First of all, according to the integral estimates, all tested programs (except PathScale in CFP2000) lose to Intel's 32-bit compiler. Even this alone can spoil the pleasure of increased performance.

The fact that the compilers can't be possibly compared indicates their crudeness (as well as a rather bad AMD64 adaptation of the codes). But certainly, we can also note some progress in the development of standard compilers for Linux and Windows platforms. Although in such case, compilers are more expected to just work than provide a maximal efficiency of the resulting code.

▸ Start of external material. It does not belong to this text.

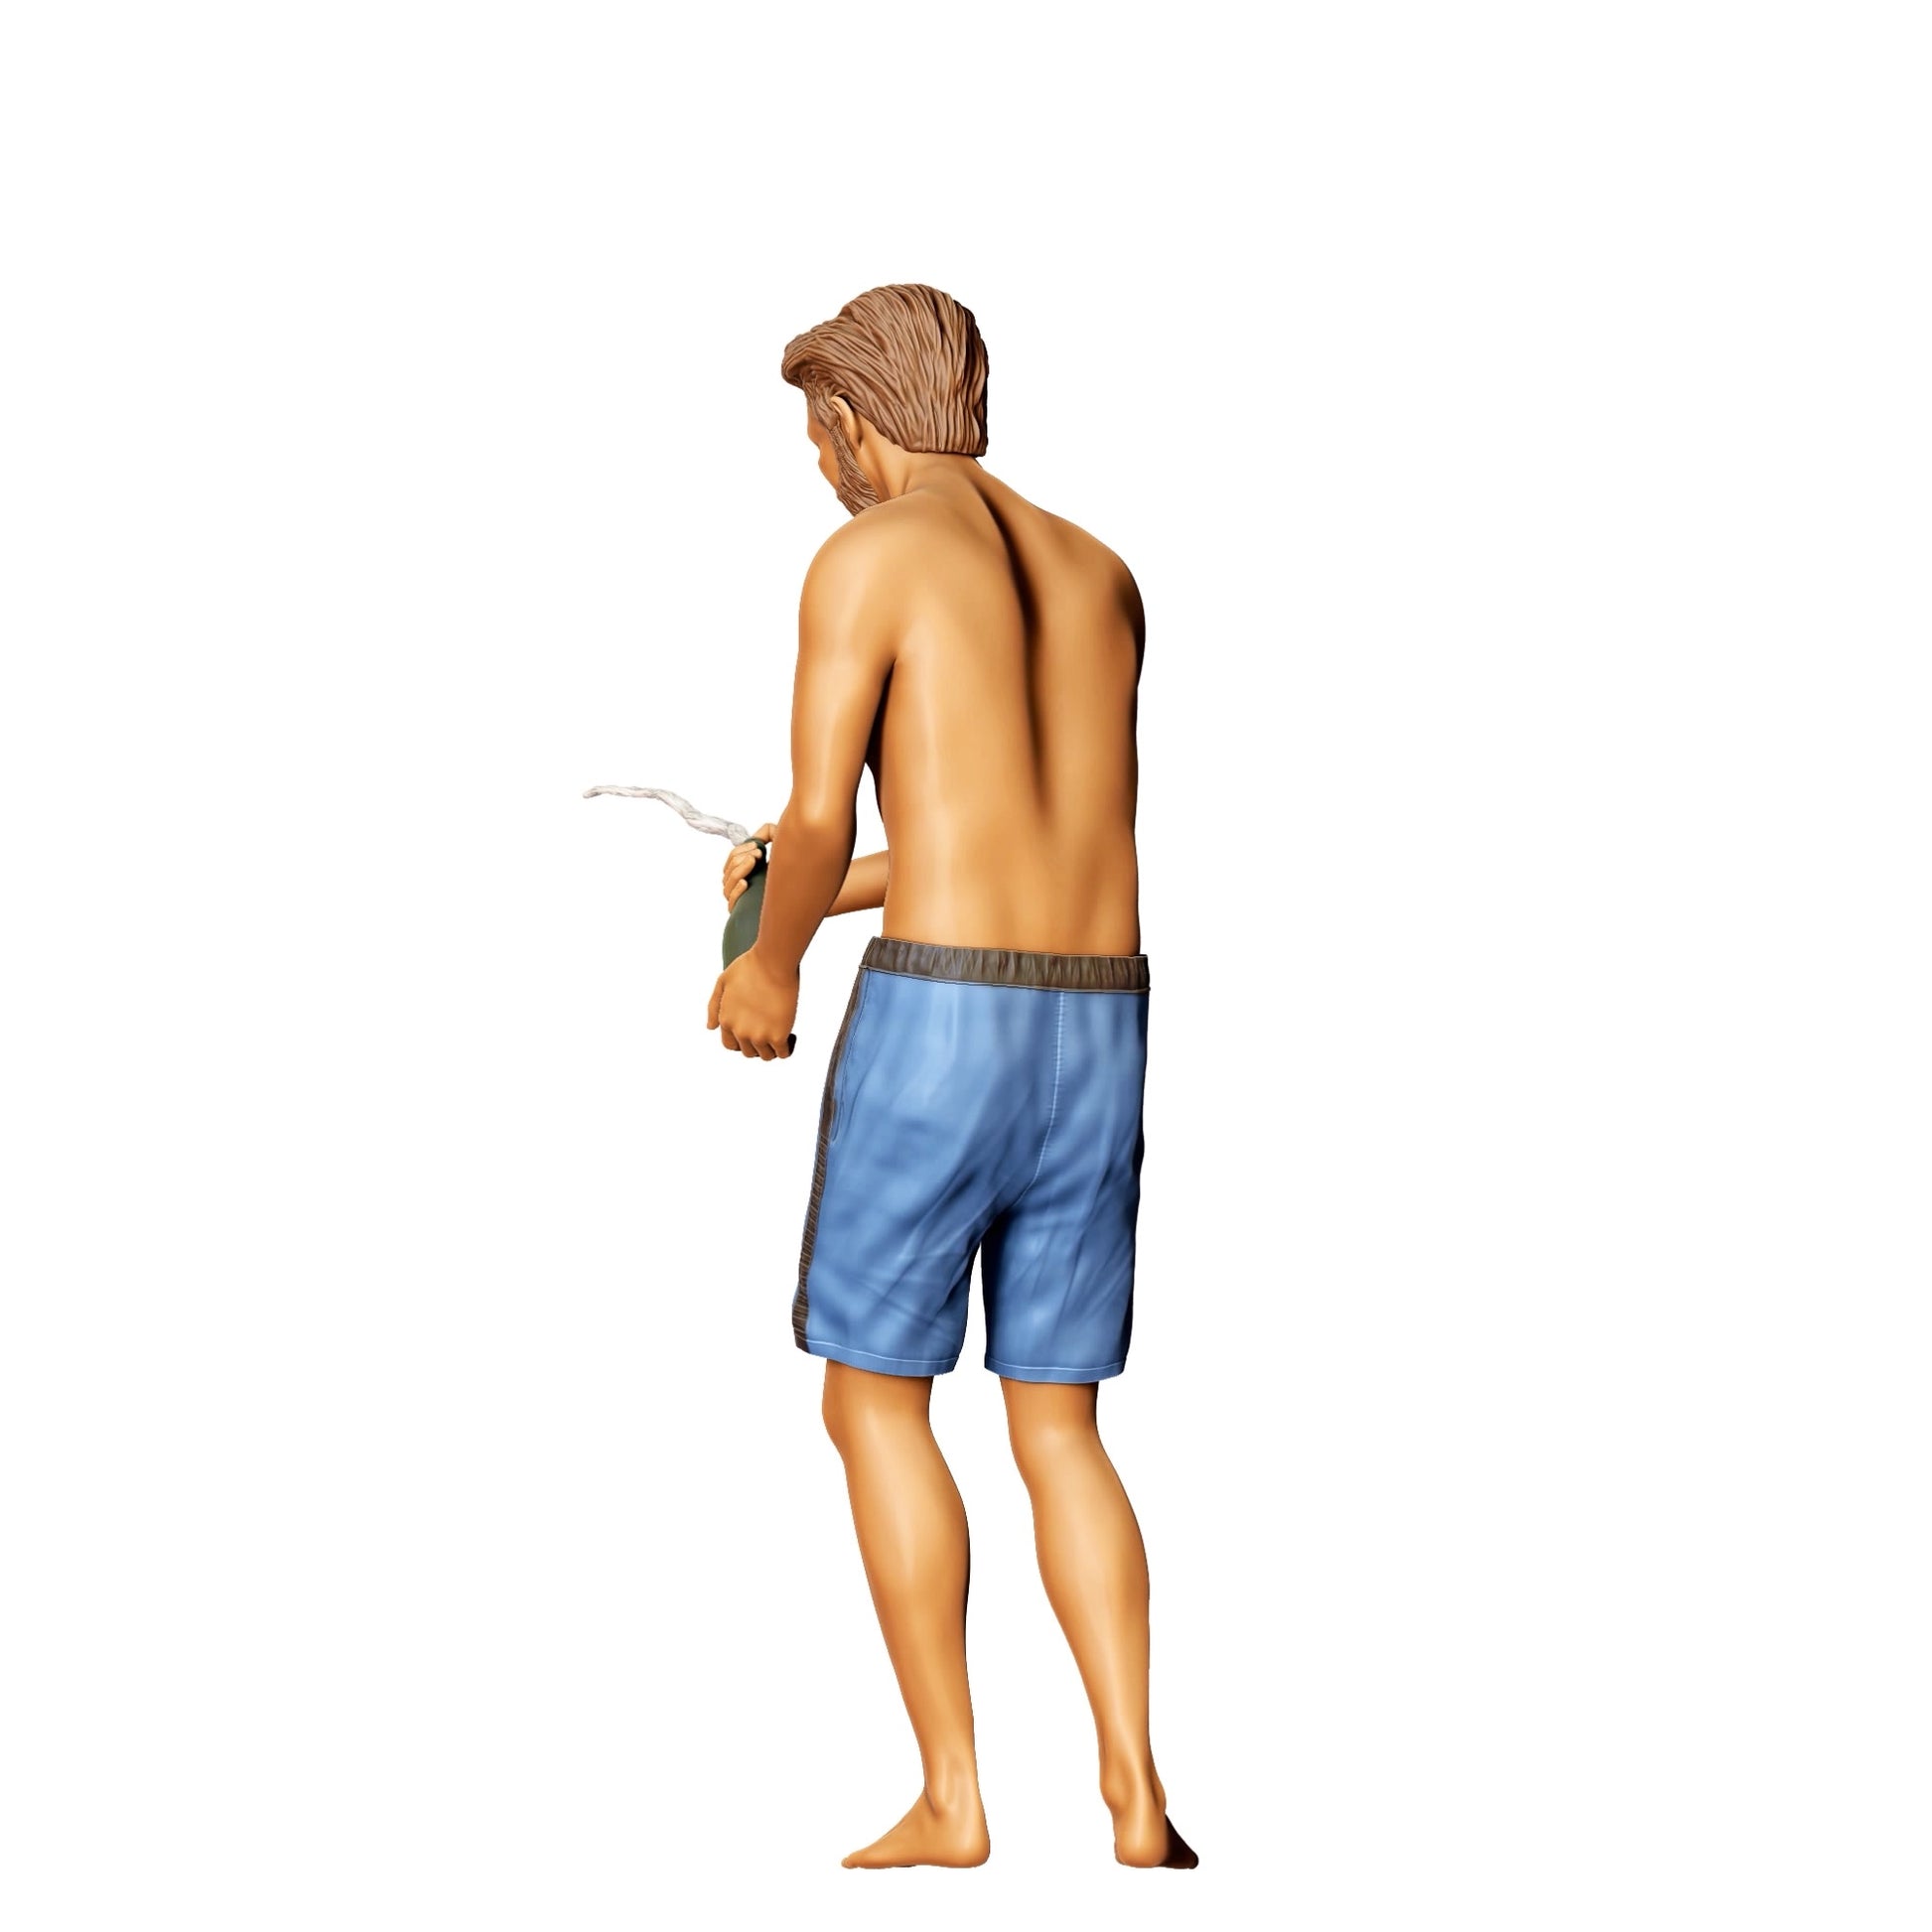 Diorama Modellbau Produktfoto 0: Pool Party Gäste - Mann mit Badehose und Sektflasche (Ref. Nr. 323)

Compilers (good compilers :)) for AMD64 have an unclear future ahead of them. On one hand, Intel has announced support of the 64-bit mode and its instructions in their CPUs, on the other hand, it is possible that the company's compilers will work with Intel CPUs only.

Concerning the products we have tested, gcc has a license as its advantage, and it will continue developing in the future, while PGI is relatively solid on the market of cluster-system compilers. Speaking about the PathScale product, it has been showing adequate results since the time its first version appeared, and hopefully, it will continue to be competitive to its more famous rivals.

As for the Windows platform and its standard Microsoft compiler, it rather aims at providing a high compatibility and a timely support of developers than at setting performance records.